Su madre le respondió:

—Porque si lo hicieran, queridita, alguien podría enterarse, tarde o temprano, de que Walter Wilton es tu padre. Y, en ese caso, ya no sería posible tu asistencia a la escuela.

—¿Cómo podría alguien pensar que papá es como esos ignorantes actores de los que me has hablado?— preguntó Claudia, indignada.

—Es difícil de explicar —respondió su madre—, mas el caso es que teatro y sociedad no se mezclan. Por lo tanto, mi amor, debes rechazar esa invitación que acabas de recibir de la hija de Lady Letchmore y decir que tus padres te llevarán al campo ese día.

A regañadientes, porque deseaba ir a la reunión, Claudia hizo lo que se le ordenaba.

Ya a solas, se percató de que no sólo había perdido a sus padres.

Todo el mundo, desde que se trató de una niña, había terminado.

«¿Qué voy a hacer...? ¿Qué voy a hacer?», se preguntó.

Ya avanzada aquella tarde, Claudia oyó que llamaban a la puerta.

Kitty se había ido a casa antes del almuerzo.

Claudia todavía andaba rebuscando en el escritorio de su padre.

Corrió hacia la puerta, preguntándose quién sería el visitante.

Al abrir… asombrada, se enfrentó a un elegante sirviente. Detrás del mismo observó un carruaje tirado por dos caballos conducidos por un cochero de sombrero de copa, el cual sostenía las riendas.

Al verla aparecer, el sirviente, sin mediar palabra alguna, bajó la escalera y abrió la portezuela del vehículo.

Una elegante dama de edad, ataviada con un sombrero adornado con plumas, descendió del coche.

Caminó con lentitud hacia donde Claudia permanecía muy quieta.

—¿Eres Claudia?— preguntó.

Un tanto aturdida por la sorpresa, Claudia le hizo una pequeña reverencia.

—Sí, señora— respondió como le enseñara su madre—, así me llamo.

—Soy tu madrina— dijo la dama mientras penetraba en la casa.

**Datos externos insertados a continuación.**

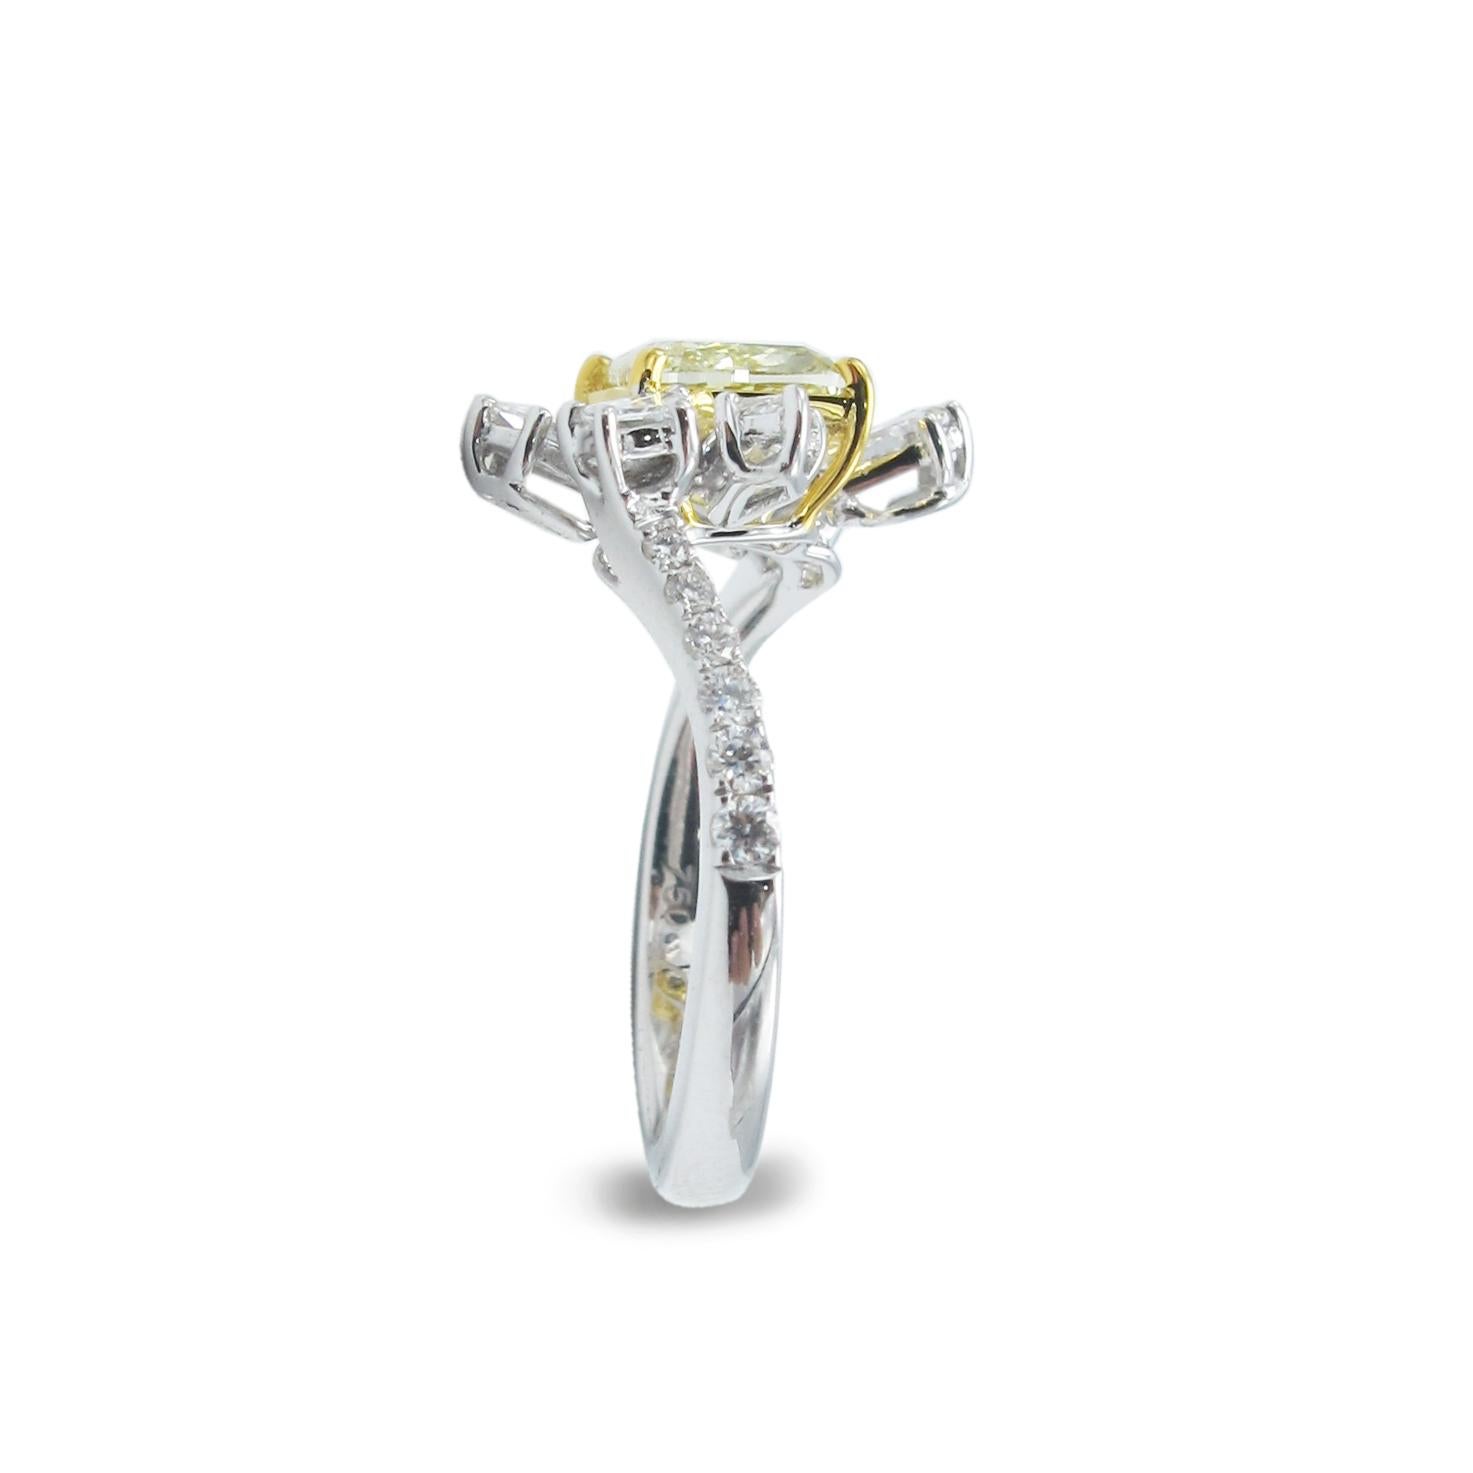 Emilio Jewelry 1.93 Carat Intense Yellow Diamond Cocktail Ring For Sale 1

Pasaron uno o dos segundos antes- de que Claudia reaccionara.

Entonces, la condujo al saloncito contiguo al vestíbulo.

Después pensó que habría sido mejor llevarla a la sala principal, la cual se hallaba en el primer piso.

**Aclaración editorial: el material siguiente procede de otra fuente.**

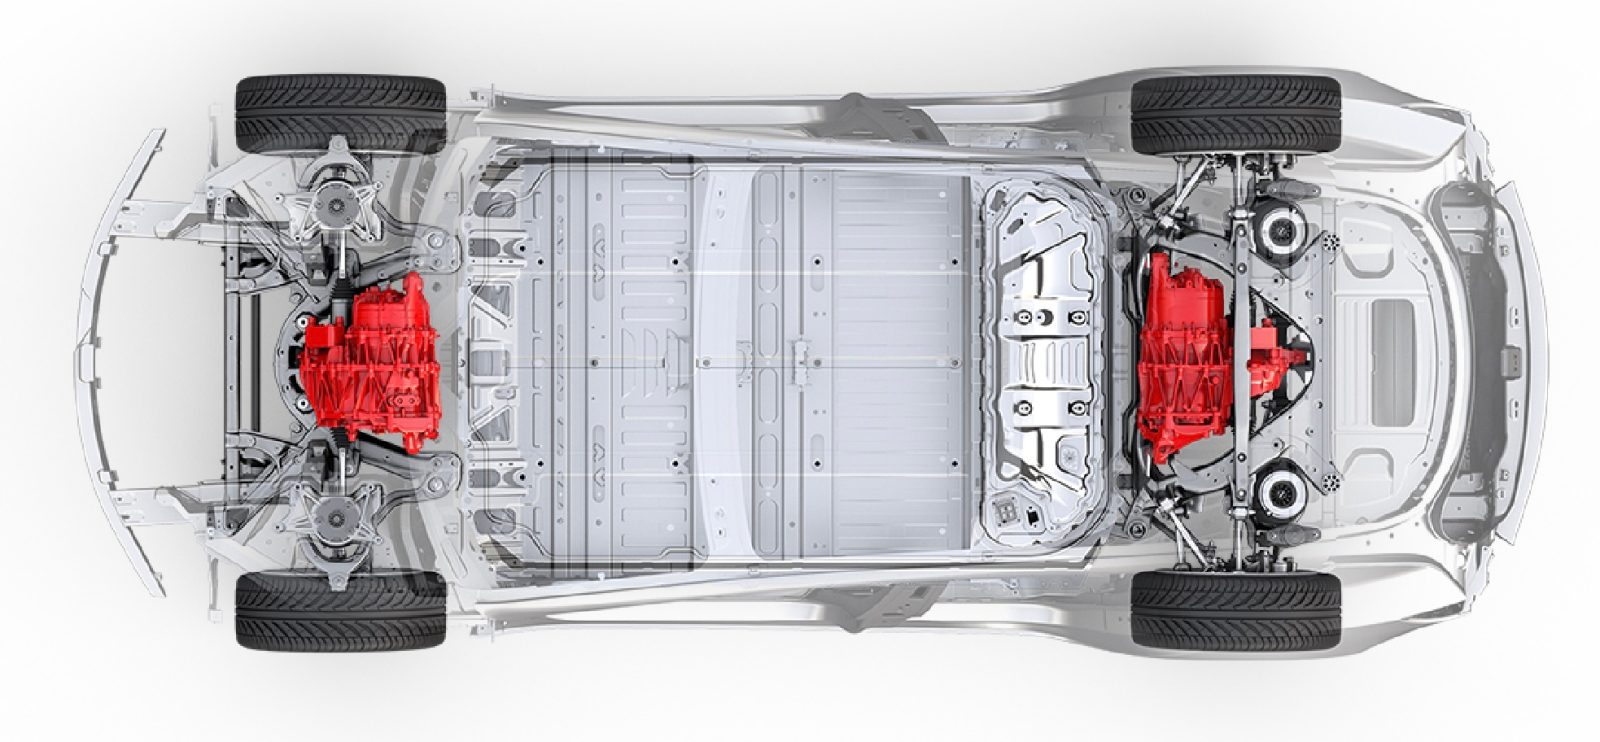 Tesla Model 3 dual motor design leaks in latest design studio update

Pero por el momento le era difícil pensar en otra cosa que no fuera la elegancia de la dama.

Parecía imposible que tuviera una madrina de la que jamás había oído hablar.

El pequeño salón estaba amueblado con comodidad, pero Claudia observó que su visitante lo revisaba con actitud crítica.

Acto seguido, la dama dijo:

—Déjame que te mire, criatura.

Claudia permaneció de pie frente a ella y preguntó:

—¿Es usted... realmente... mi madrina? Nunca me lo comentaron.

La dama se río.

—Supongo que no debería sorprenderme de que no te lo dijeran. Soy Lady Bressley y te tuve en mis brazos mientras te bautizaban.

Al terminar de hablar, Lady Bressley se sentó en un sillón.

Tras ello, prosiguió diciendo:

—Te pareces mucho a tu madre ¡Ella era una de las mujeres más bellas que jamás he conocido!

—¿Usted… se enteró… de lo que le sucedió?— preguntó Claudia, titubeante.

—Lo leí en los periódicos— respondió Lady Bressley—, y así fue como te he encontrado. Uno de ellos citaba la dirección de esta casa.

Debió tratarse de uno de los periódicos que ella no había leído, pensó Claudia.

Y se preguntó si habría más gente que acudiría a visitarla.

Entonces, Lady Bressley preguntó:

—¿Qué harás ahora que tu madre ha muerto?

—No... lo sé. He buscado entre los papeles de mi padre para averiguar si hay algo de dinero. Pero, aunque encontré su chequera, no he visto ningún saldo bancario.

—No me sorprende. Ese hombre debió ganar mucho dinero, mas creo que, como todos los de su clase, no ahorró un solo penique.

Había un cierto tono despectivo en la voz de Lady Bressley que molestó a Claudia.

Sin embargo, pensó que sería un error decir algo en defensa de su padre.

—¿Estás aquí sola?— preguntó Lady Bressley.

—Sí— respondió Claudia—, y es muy atemorizante no tener a mis padres conmigo.

—Lo entiendo. Y supongo que ahora, como madrina tuya, constituyes parte de mi responsabilidad.